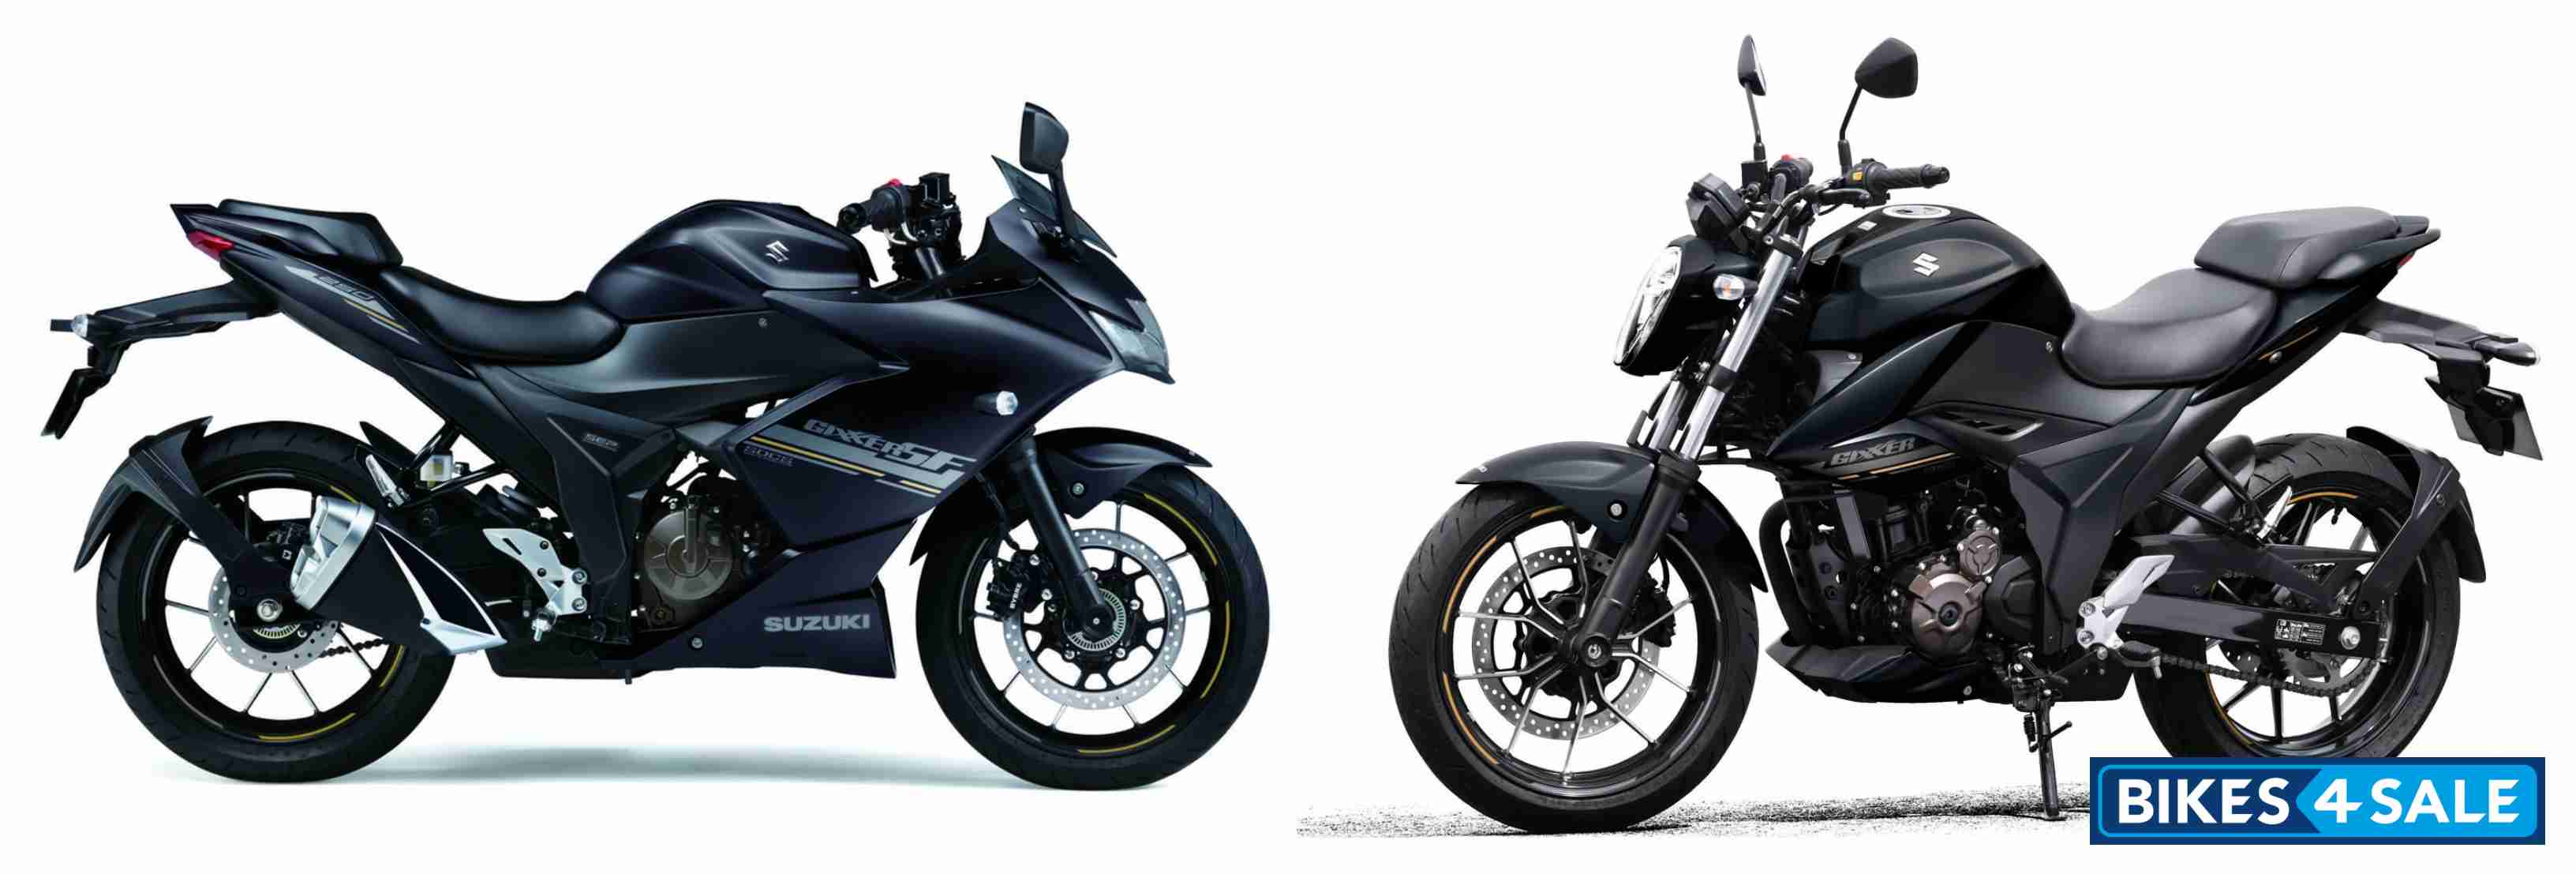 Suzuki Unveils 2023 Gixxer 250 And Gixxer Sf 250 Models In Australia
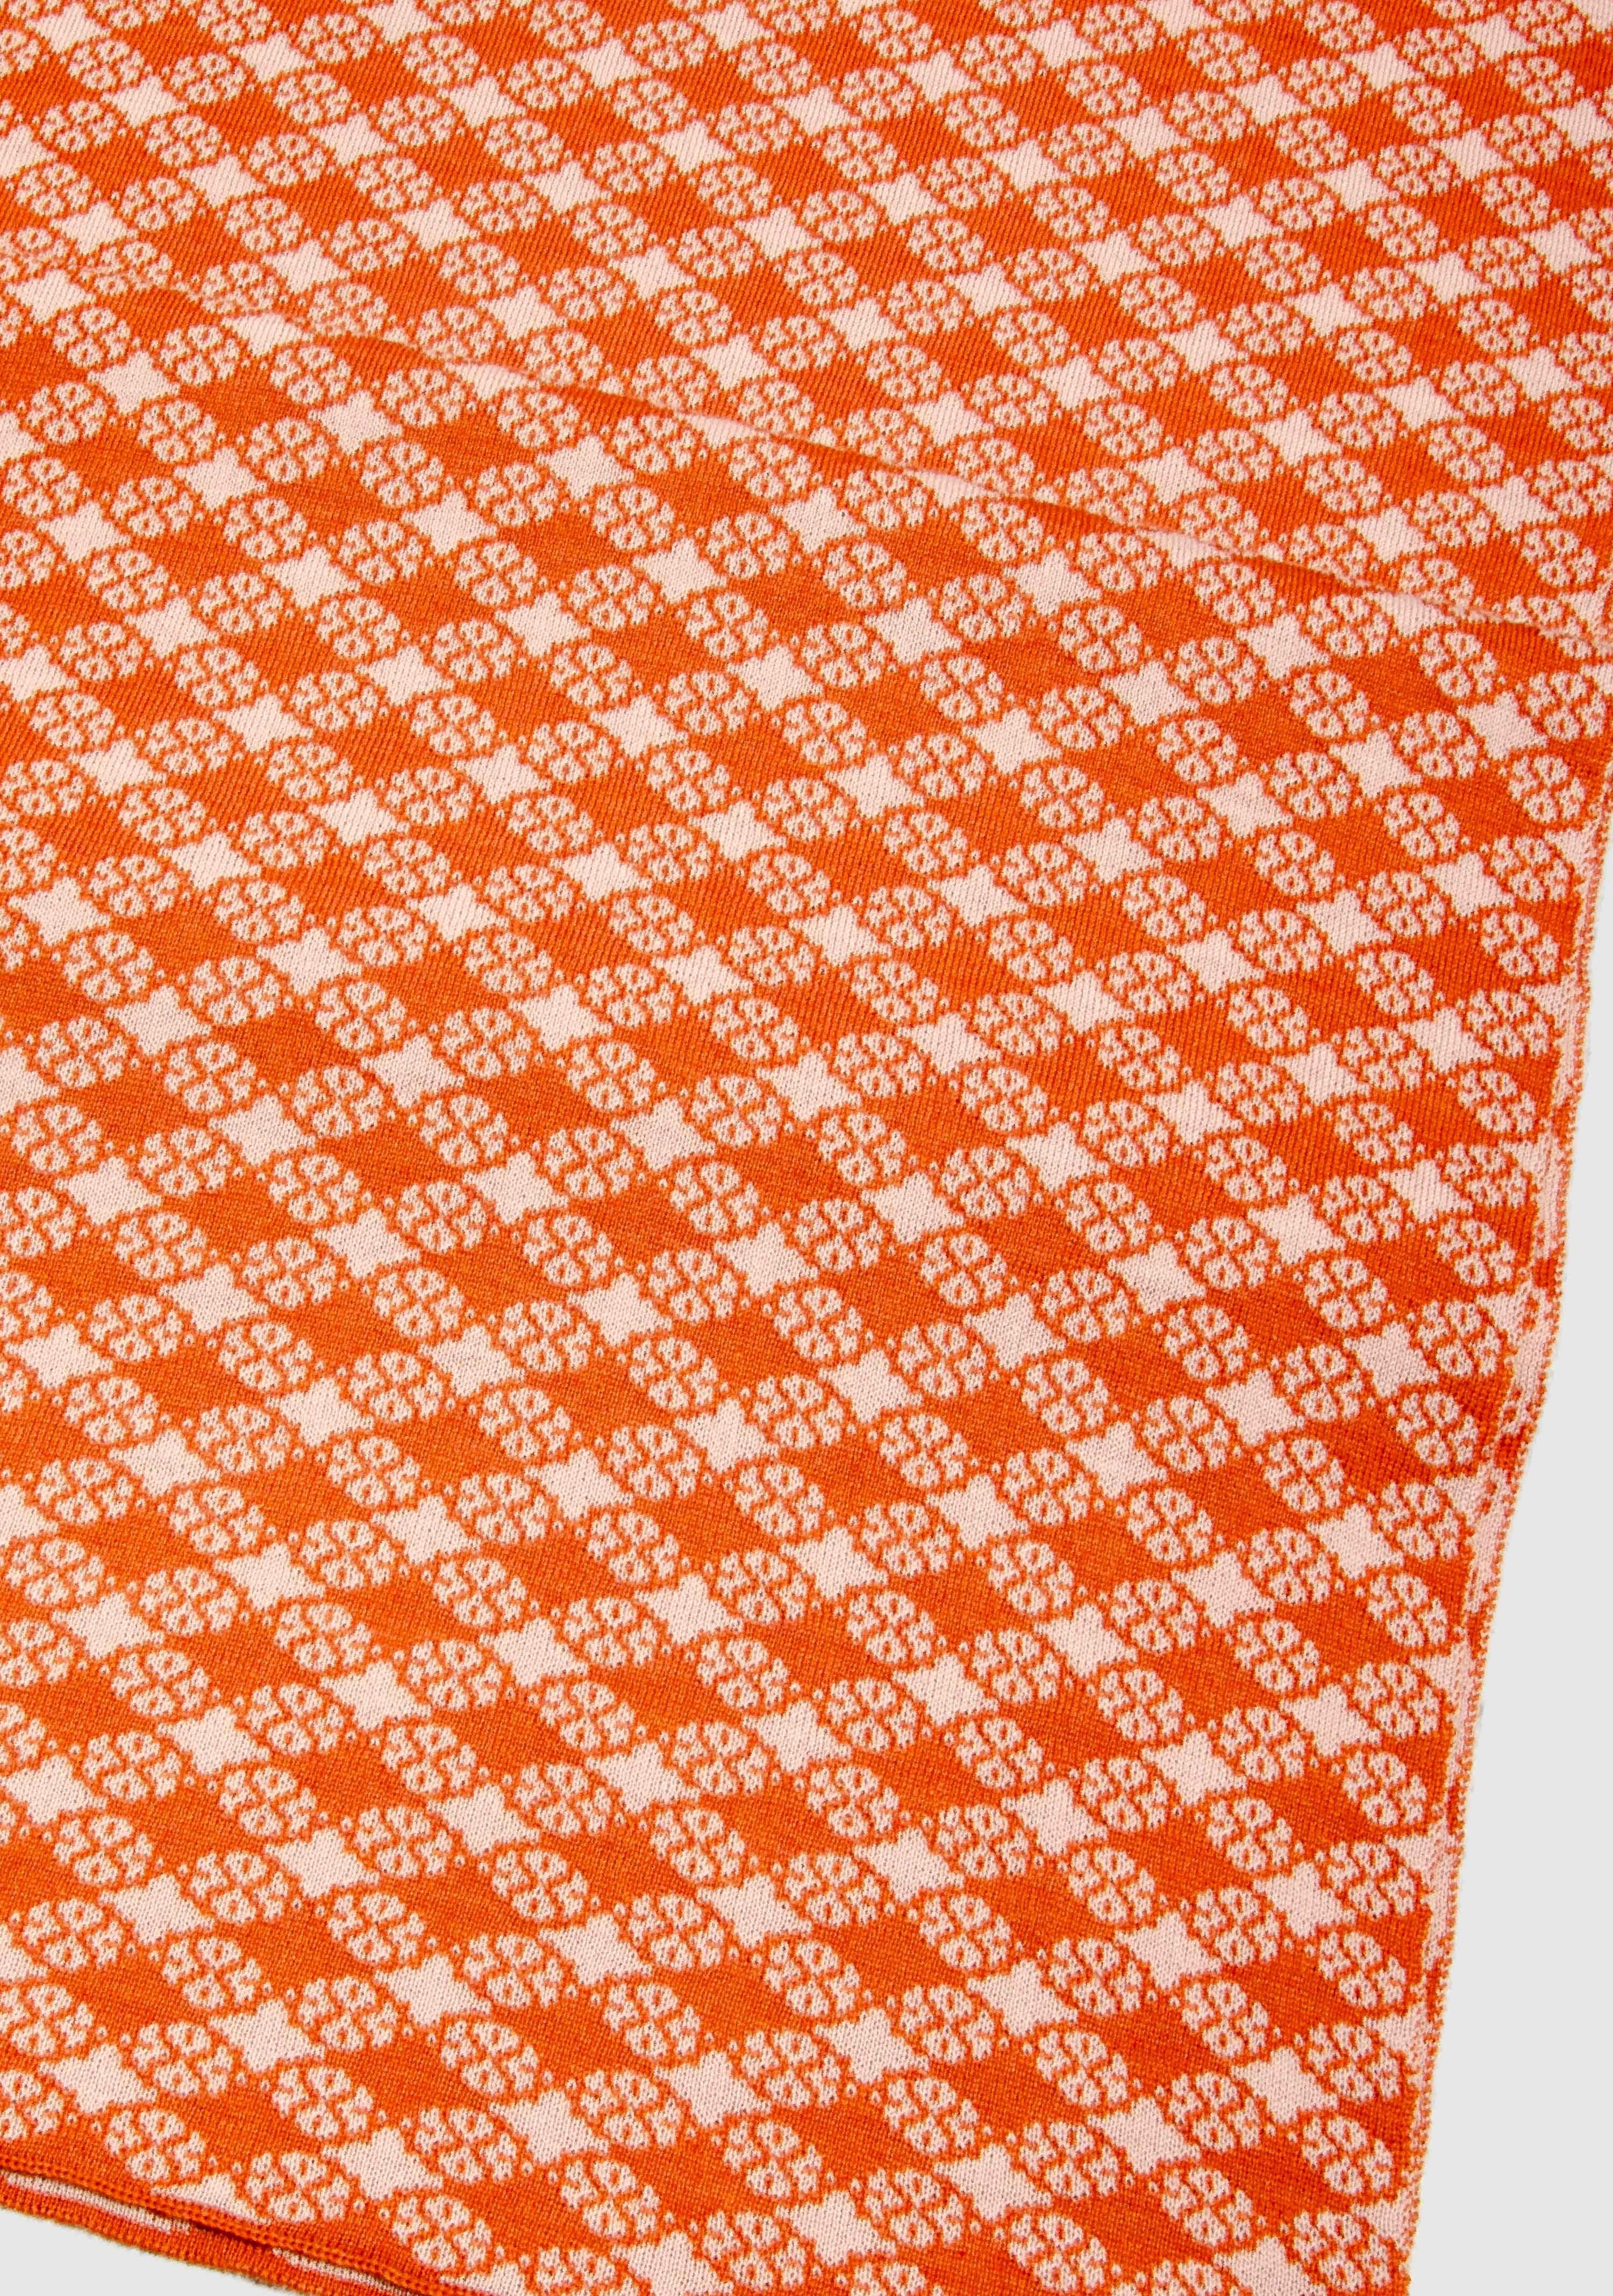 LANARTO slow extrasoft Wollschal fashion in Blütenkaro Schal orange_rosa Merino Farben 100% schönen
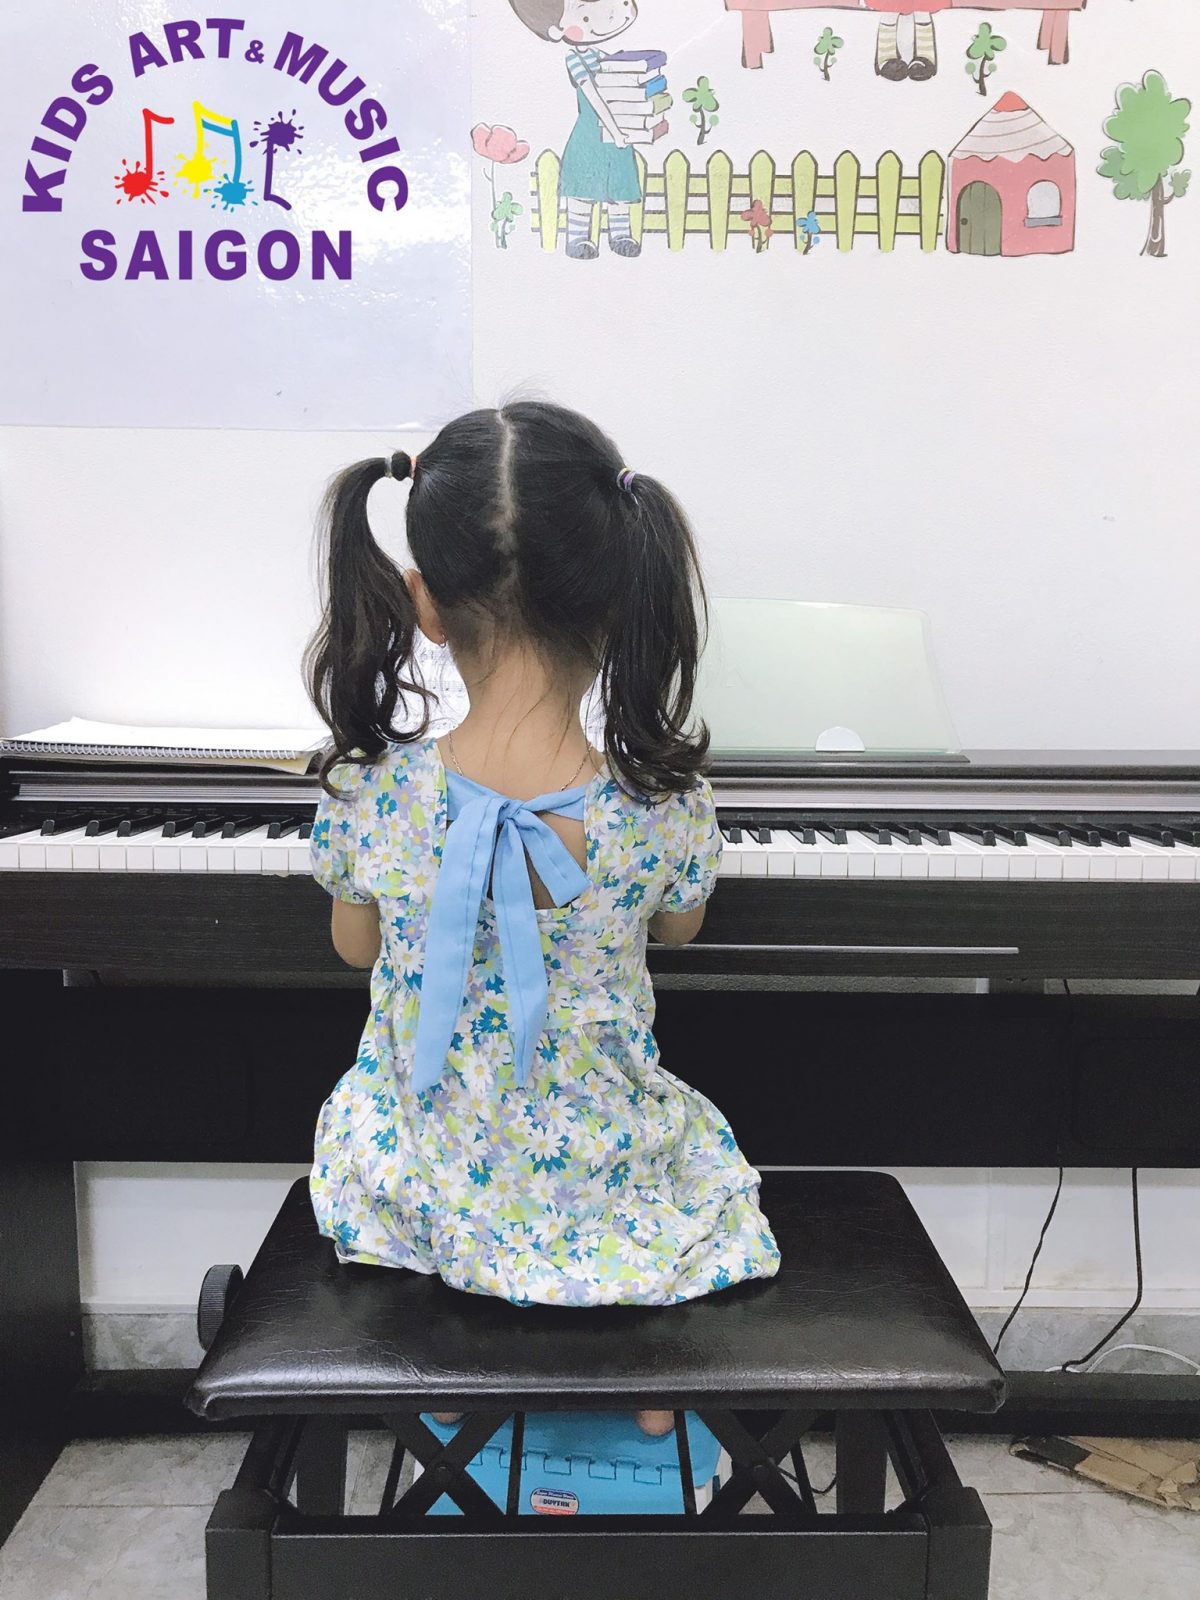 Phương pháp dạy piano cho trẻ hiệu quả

• Problem: Retype exactly, please, the span from the line holding "LANARTO slow extrasoft" through the closing line of the data, both ends included, without the pictures.

• Solution:
 LANARTO slow extrasoft Wollschal fashion in Blütenkaro Schal orange_rosa Merino Farben 100% schönen
 Phương pháp dạy piano cho trẻ hiệu quả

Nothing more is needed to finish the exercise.